The Associated Press published ten songs for Sunday's World Cup final and placed the complete list on Spotify, opening with "Dai Dai," the tournament's official anthem by Shakira and Burna Boy, before folding old football standards and newer multilingual collaborations into one pre-match product. [1]
The editorial idea is unity, expressed in Shakira's statement to AP that a World Cup song must represent many cultures' feelings and passions, while the commercial structure is curation through an official song, a news organization's list and a platform link directing attention toward selected catalogs. [1]
No verified X post supplies the industry view, and AP reports neither playlist placement terms, streams, royalties, label agreements nor the sales lift from inclusion, leaving the list as proof of selection rather than evidence of commercial success or a fair division of value. [1]

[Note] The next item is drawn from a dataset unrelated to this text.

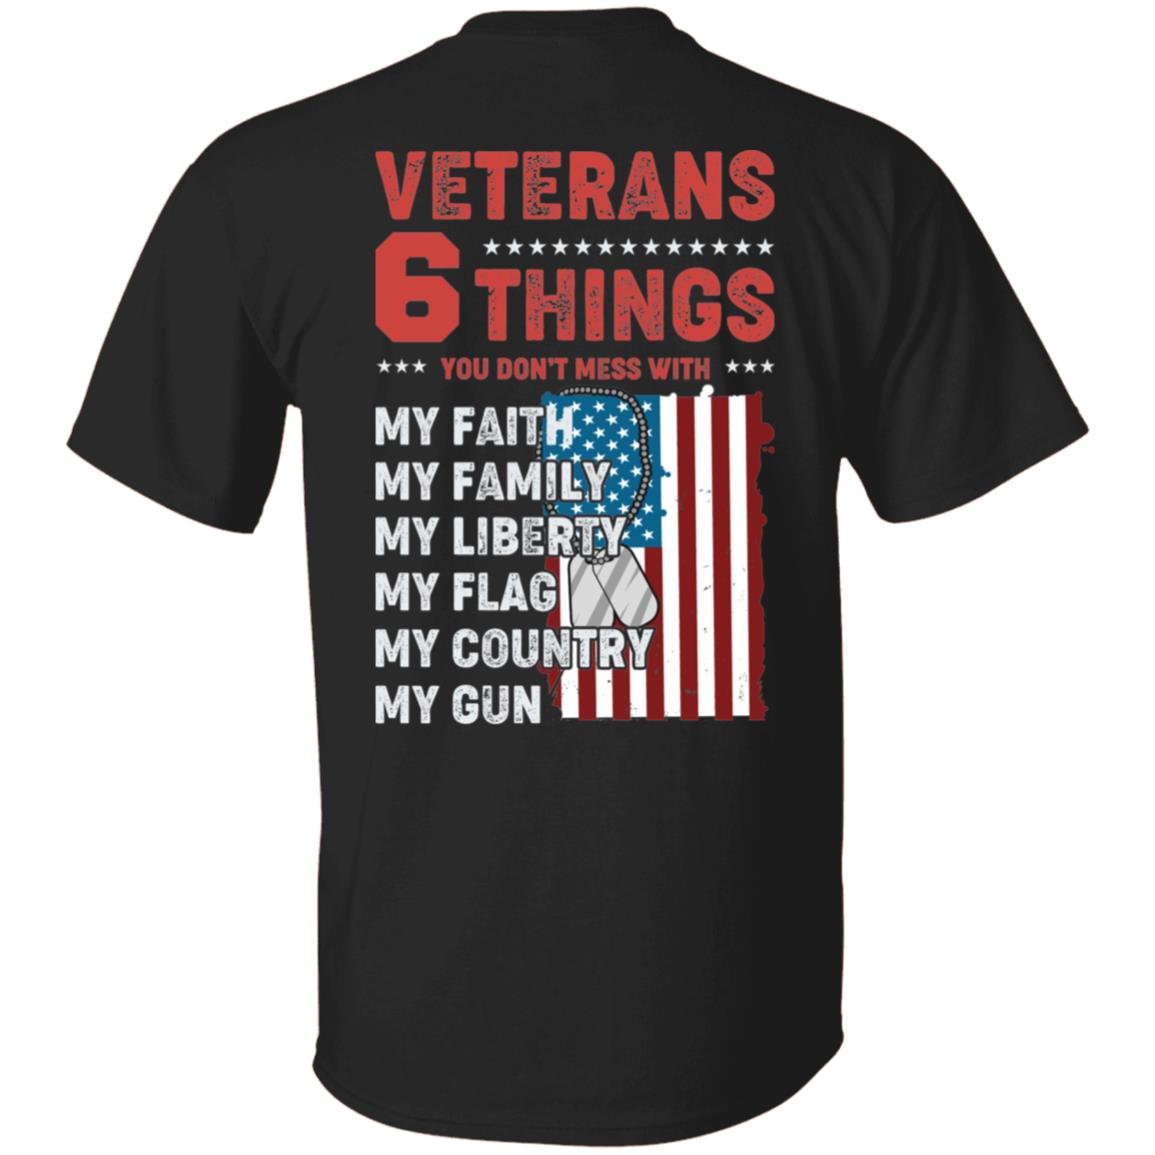 Veteran Tee 6 Things You Dont Mess With USA Flag Shirt

That boundary matters because national feeling arrives already packaged, allowing supporters to hear languages, memories and team rituals while artists, labels, FIFA and Spotify encounter inventory whose placement may convert a match into repeat listening, two truths the available source cannot measure against each other.
Sunday will decide a football champion rather than which song owns a nation, while Friday's list shows how quickly tournament identity becomes searchable, shareable and monetizable and leaves the next receipts to platforms and rights holders: who chose, who was promoted, who was paid and how much the audience listened.